4. Details of a defendant’s internal workings in processing and submitting claims is not required. Plaintiff Silingo had first-hand experience and about the multiple frauds perpetrated by the home-health vendor (the “hub”), but only circumstantial evidence that the MAOs (the “spokes”) submitted the vendor’s bad risk adjustment data to CMS. Using sensible inferences, the court made short work of the defendants’ argument that the allegations were insufficient under 9(b) to plead actual false claims.
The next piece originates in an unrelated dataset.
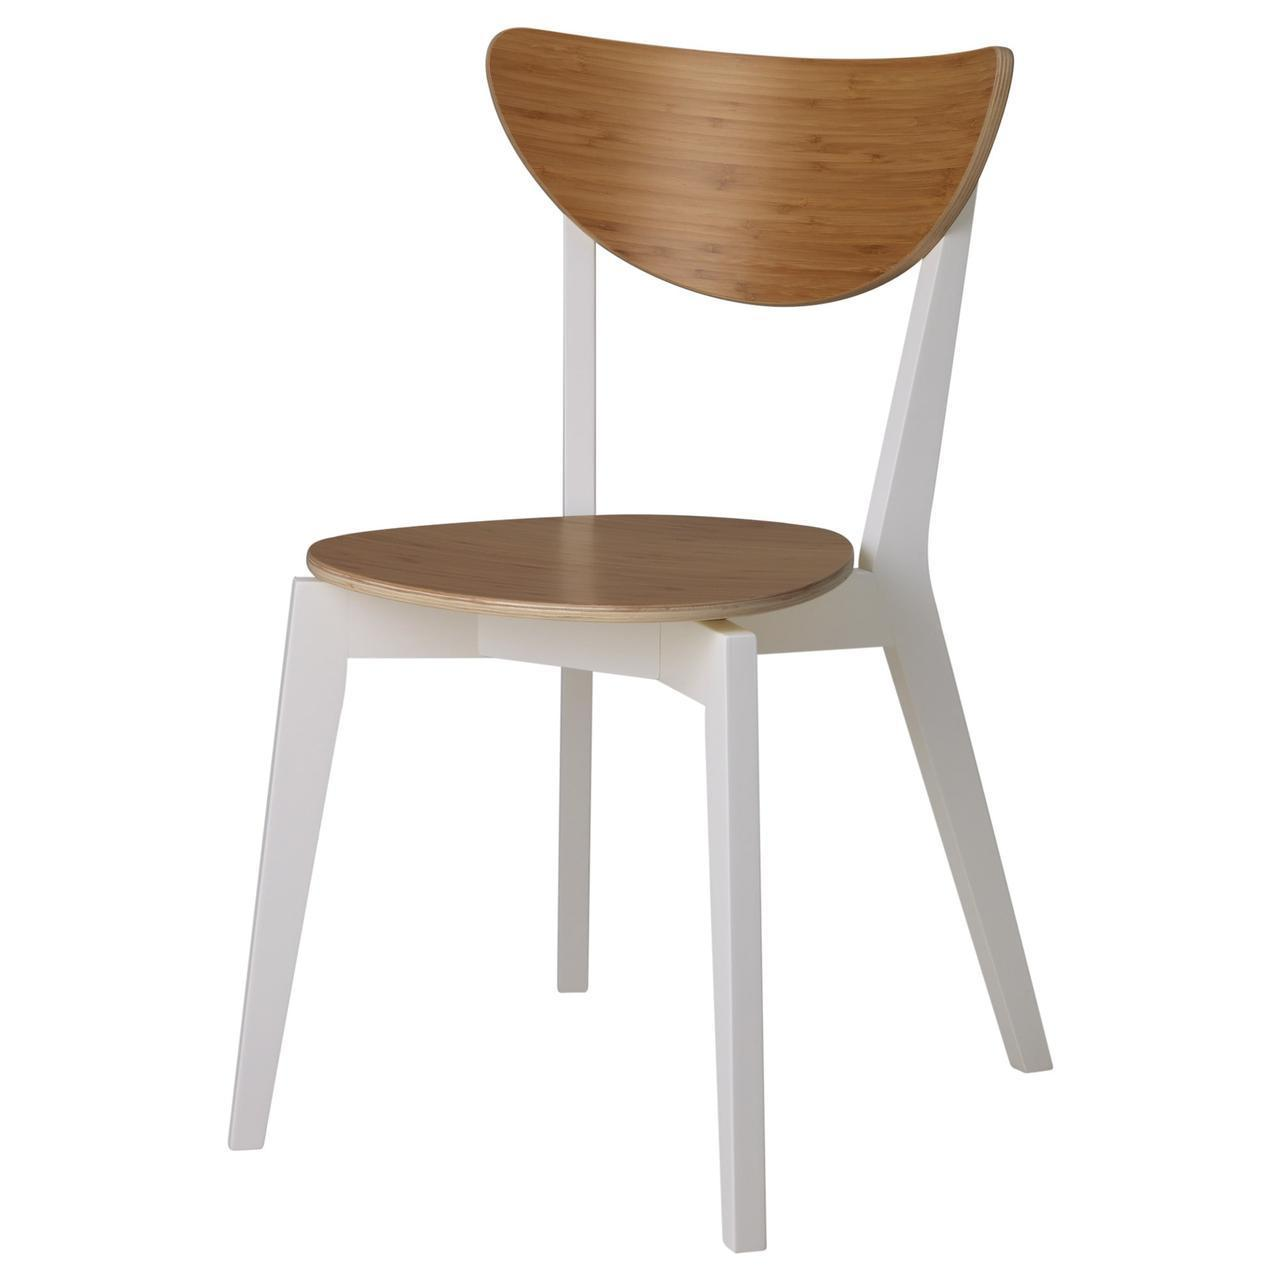 Кресло кухонное IKEA NORDMYRA бамбук 803.732.27

The court observed that MedXM focused only on Medicare Advantage beneficiaries who did not have the desired risk adjustment codes for the year. Without the codes, the MAO would receive a lower payment for that beneficiary, and with the codes the MAO would receive the higher payment. The MAOs employed MedXM’s services over a period of at least four years, suggesting that it was of continued benefit for the MAOs to use the vendor. “There is no reason to believe that these companies consistently paid MedXM for data that they desperately needed but, time after time, did not actually use.” The court rejected the MAOs insistence that plaintiff should also allege facts regarding their “claims filtering, verification, or submission processes our outcomes” and upheld the district court’s finding that the allegations adequately showed reliable indicia leading to a strong inference that false claims were submitted.